Reeves, 731 So.2d at 213 (internal citations and quotations omitted).
The Court ruled that the widow alleged that defendant required decedent to work under unsafe conditions and failed to provide necessary safety equipment. Accepting the widow’s allegations as true, the Court did not find the accident was substantially certain to occur. As the court explained in Simoneaux v. Excel Group, LLC, 06-1050 at p.3 (La. 9/1/06), 936 So.2d 1246, 1248, an employer’s actions in providing poor working conditions “may have been negligent or even grossly negligent, but they were not intentional.”
The problem with this decision is that there is still a very thin distinction as to when an act, even one that is grossly negligent, crosses the line and becomes an intentional act. To this writer, it is a subjective determination which can lead to inconsistent results. For instance, if two different juries were to hear the same case, the same set of facts, one jury could find that the act, while grossly negligent, did not rise to the level of being intentional while the other jury could find that it did. Does that make one right and the other wrong when reasonable people can reach opposing conclusions? Chances are that in either situation, if reviewed by an appellate court, the court would have a difficult time reversing the jury’s decision unless the record revealed a total abuse of discretion on the part of the jury. This subjectivity is not segregated to civil litigation.
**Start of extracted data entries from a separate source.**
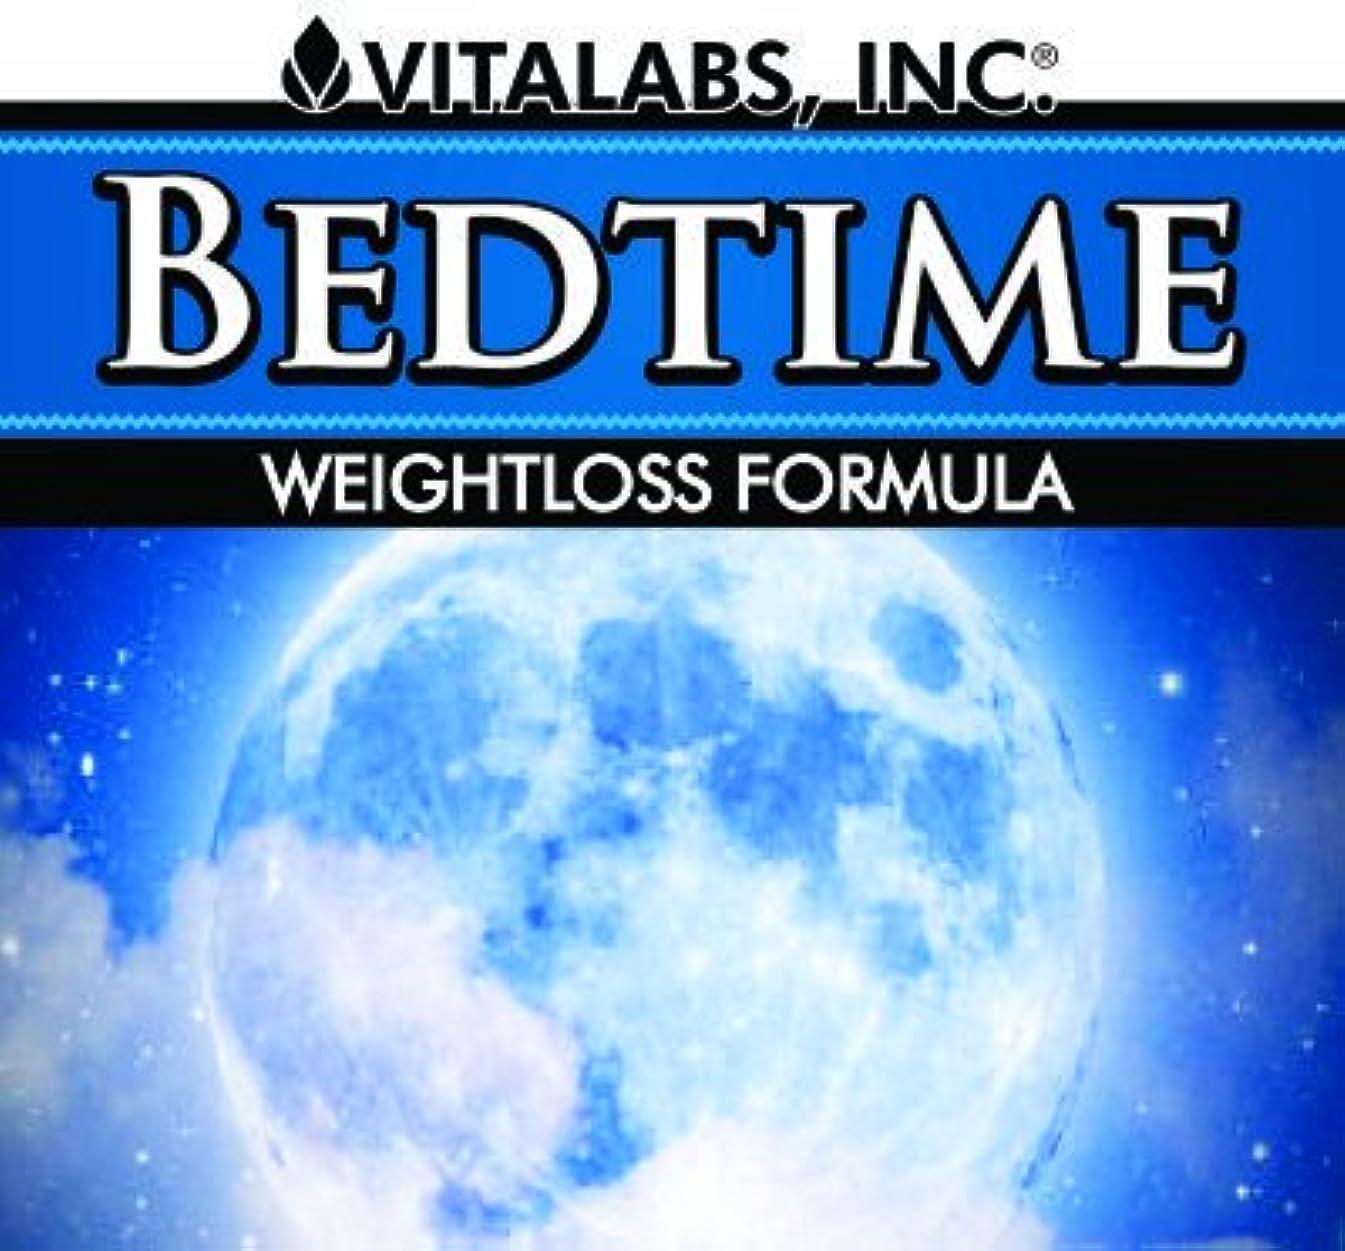 Saturn Supplements/Vitalabs BedTime Weight Lost ベッドタイムウェイトロス 60カプセル
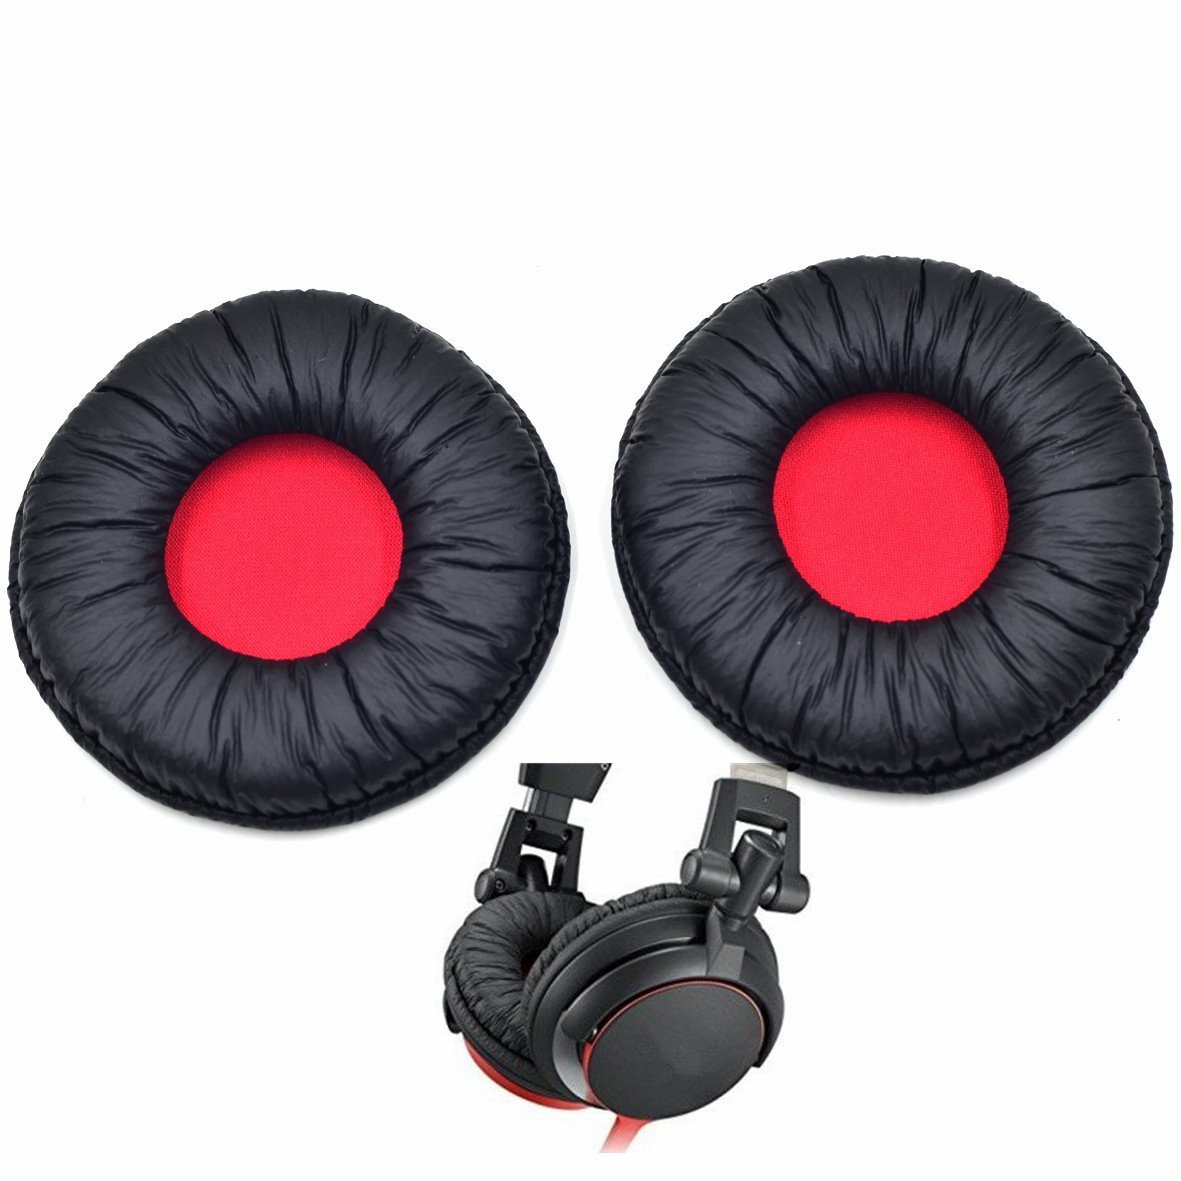 Almohadillas auriculares Sony MDR-V55 (1 par negros)
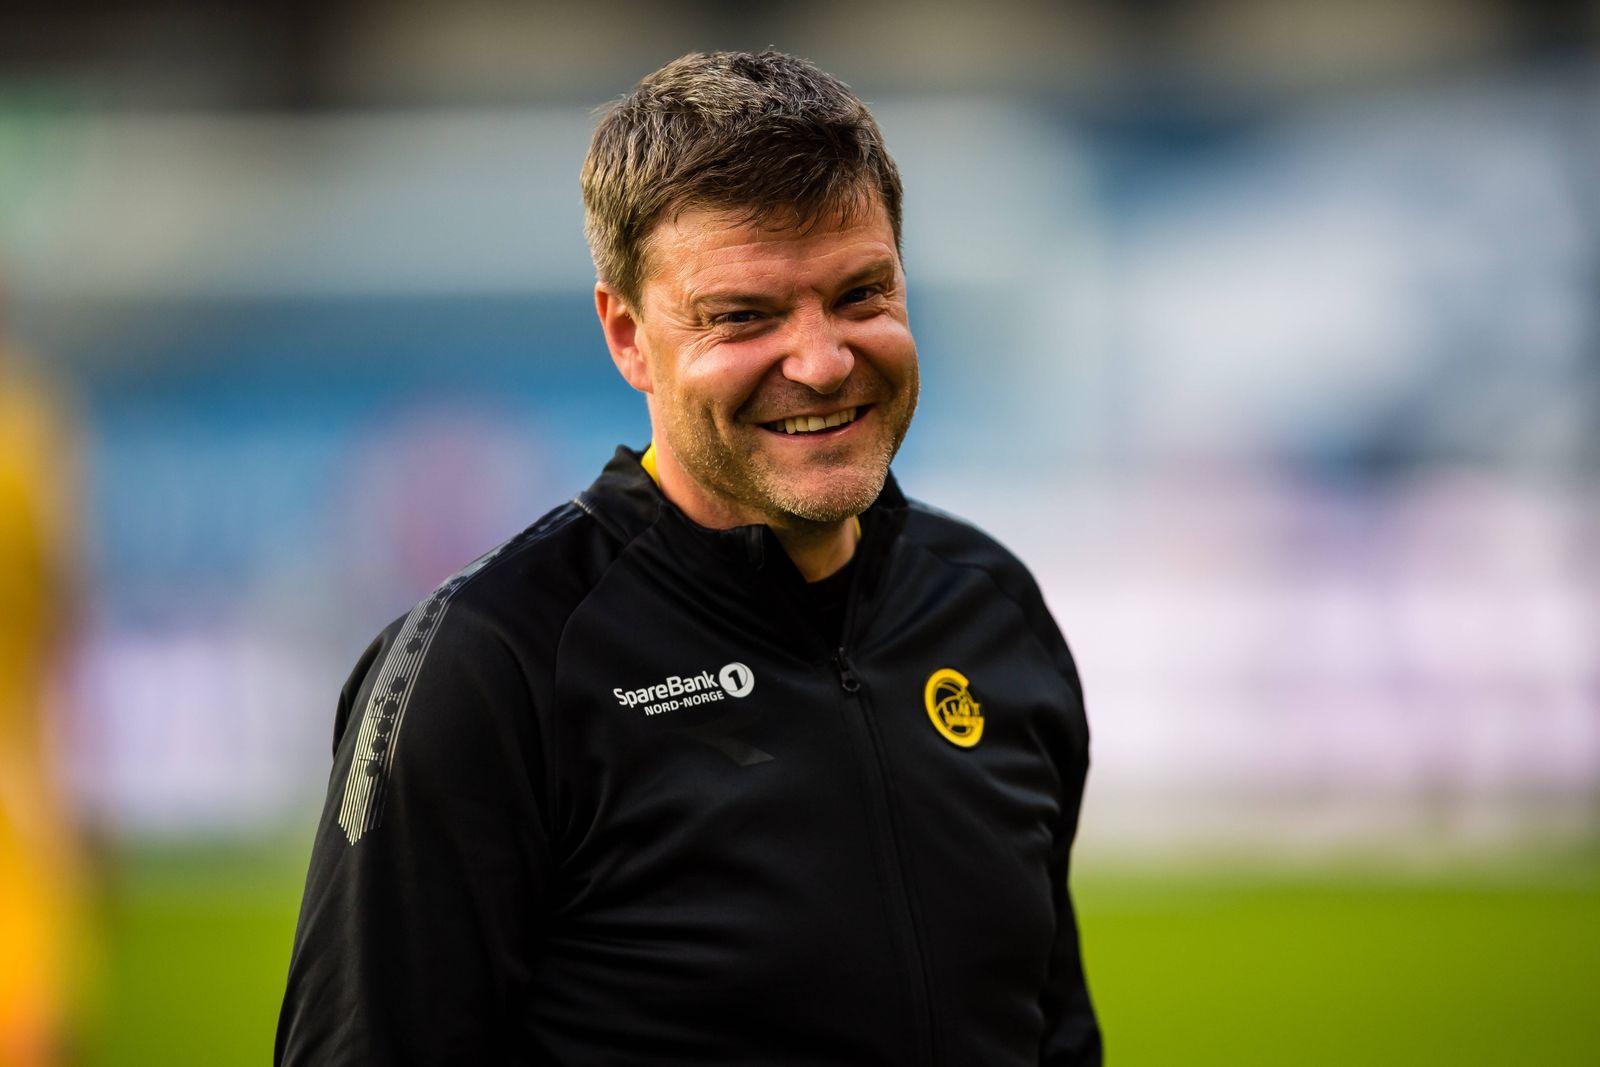 200625 Aasmund Karl Bjorkan, assistant coach of Bodo/Glimt, after the Eliteserien match between Rosenborg and Bodo/Glim

In the criminal law, a person may be charged with negligent injury or negligent homicide. Generally these may be defined as the injuring or killing of a person without deliberation or premeditation resulting from the improper use of reasonable care or skill while in the commission of a lawful act. Again, judges and juries are called upon to weigh the facts and decide if the accused was so grossly negligent that his acts rose to the level of criminality.
Perhaps the Louisiana Supreme Court should have stated that for negligence to rise to the level of being intentional, the act has to result in consequences that a reasonable person would expect to occur to the exclusion of any other. In other words, instead of stating that the actor must know that the “result is substantially certain to follow from his conduct,” the Court should have adopted a more narrow definition and, using the “reasonable man” standard, state that the actor must know that his conduct will result in injury. Not that it may, but that it will. That, at least, will lessen the confusion.